Sunday, July 23, 2006
I co-hosted my niece's baby shower yesterday. She'd expecting a little boy, little Tristan. She concieved very close to the time I had Nova. When I found out she was expecting I volunteered to help my sister throw the shower. I was all excited at the time, but after losing Nova, I was a little less than enthusiastic. But I'd been the one to suggest it, and volunteered myself, and when it came time, I couldn't back out. I don't have it in me to back out on my responsibilities and leave someone else hanging. I admit though, I had to work myself up to walking out the door yesterday. I was afraid it would be too hard, that I'd fall apart and ruin the whole thing for my niece, while simultaneously looking like a damned fool. But talk myself into it I did, and I loaded the truck up with enough food to feed an army, and off I went.

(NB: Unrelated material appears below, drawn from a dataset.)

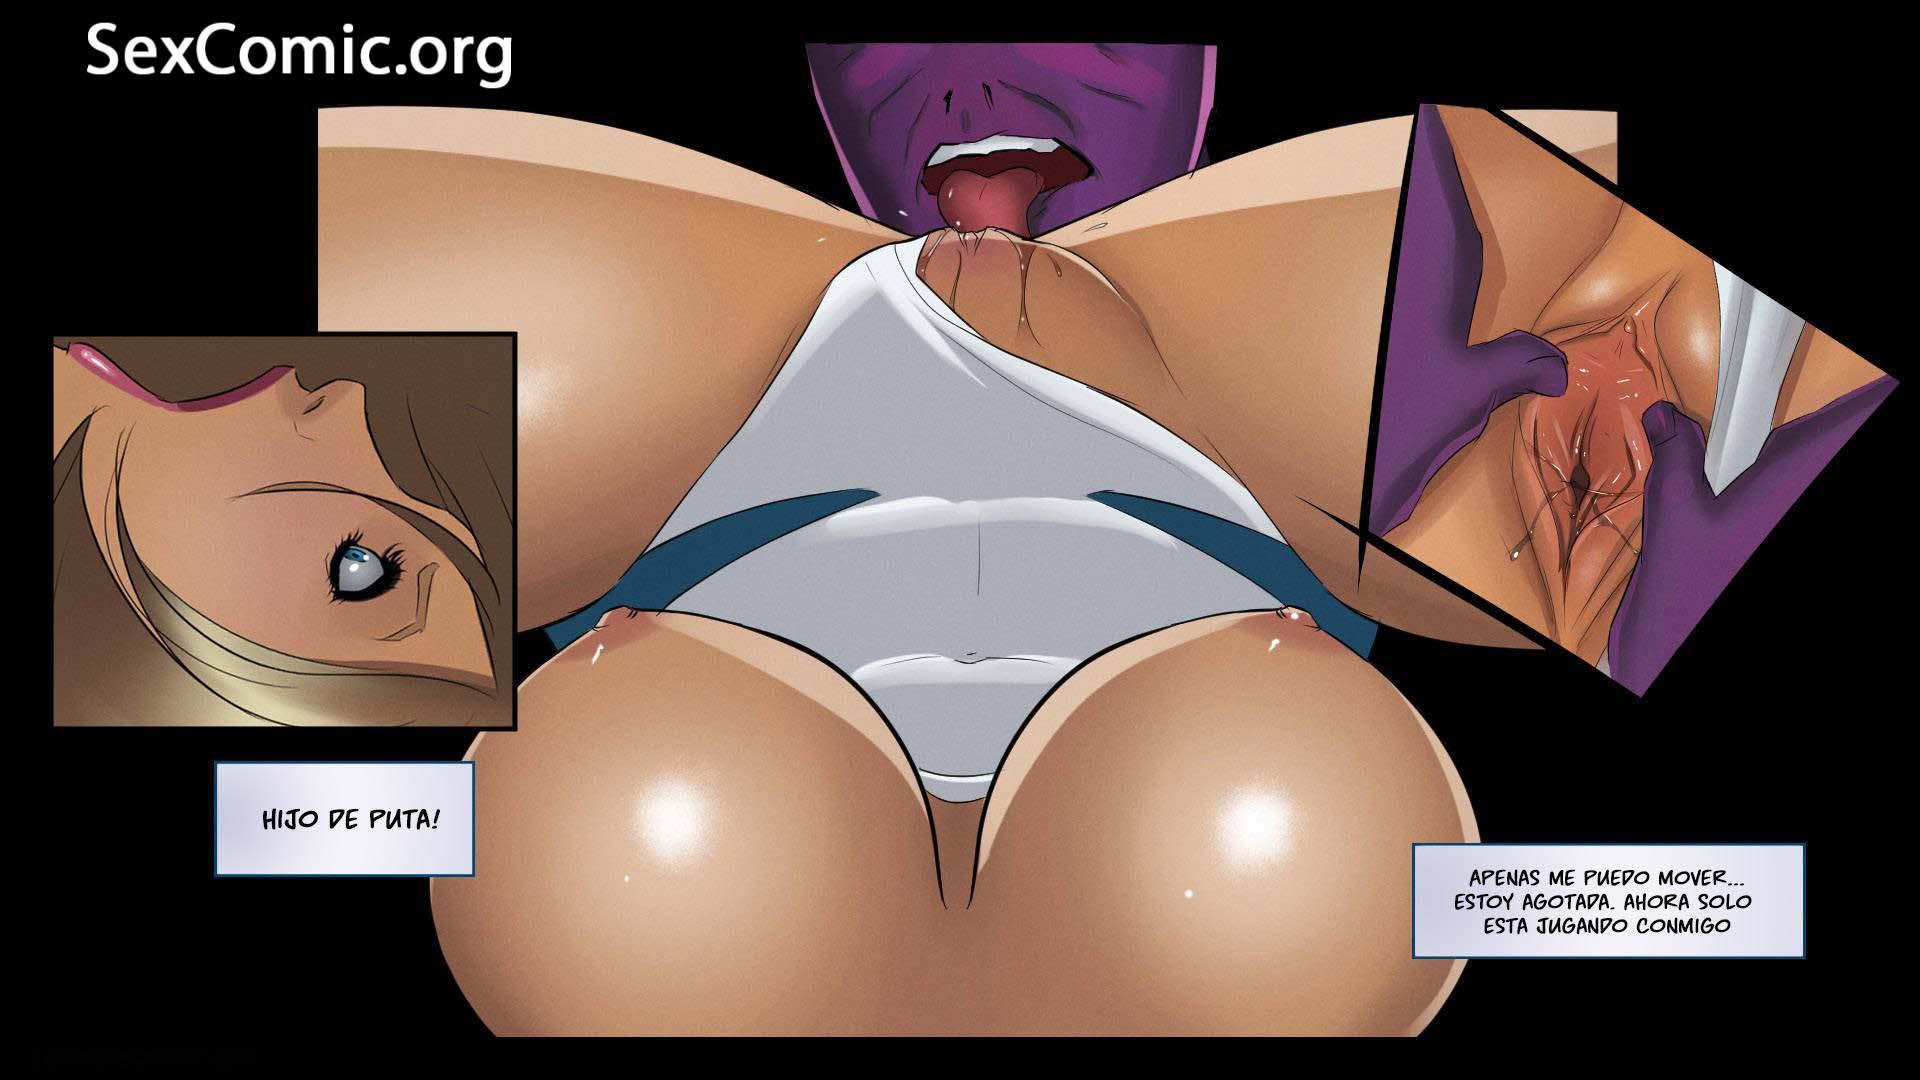 comic-marverl-xxx-atrapando-ala-famosa-powergirl-historias-eroticas-mangas-para-adultos-fantasias-sexuales-videos-incesto-comics-zoofilia-hentai-gratis-online-16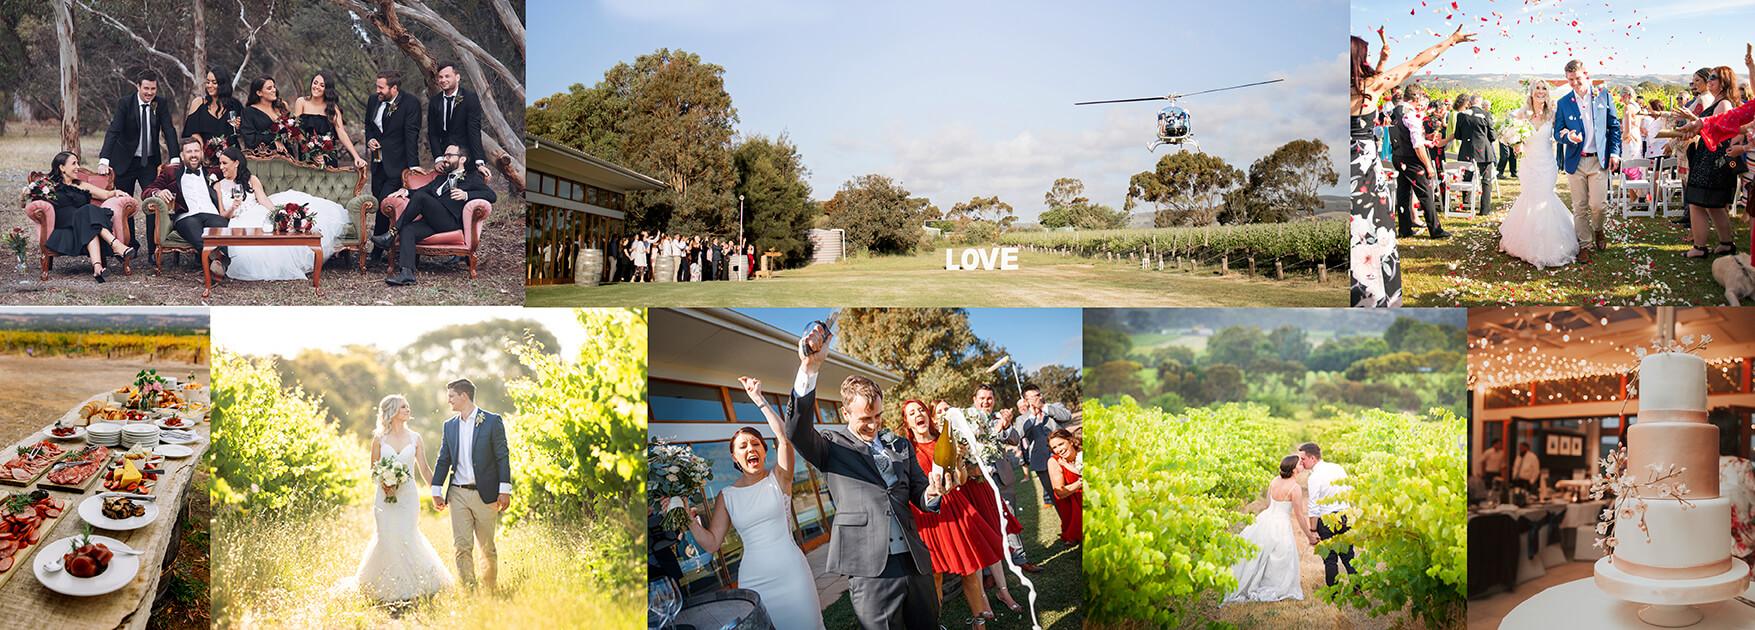 McLaren Vale Wedding Venue - Ekhidna Wines

I actually enjoyed myself, a lot. I don't get out of the house often, let alone for a day of all girl fun. We chitted and chatted and played silly games and laughed and poked fun of the mom-to-be and at each other and joked and handed out gifts and it was all around good.
There were moments. Tough ones I mean. Like when she pulled out a tiny little pair of socks - blue and white with paw prints. Nova had a pair just like them, I bought a friend of mine a pair similar to them JUST because they were like the ones Nova had. But the bad moments were outnumbered greatly by the good and I ended up being glad I'd done it. Sometimes I just have to push myself to do things because I work them up in my head to be potential disasters.
Of course all hell broke loose at home while I was gone, and the rest of the night was a mess, augmented with glasses of rum and Coke. But it all ended with my husband and I talking on the porch, both feeling a little tipsy and mellow, and watching a thunderstorm whose mood seemed to match our own. It was a great ending to the day.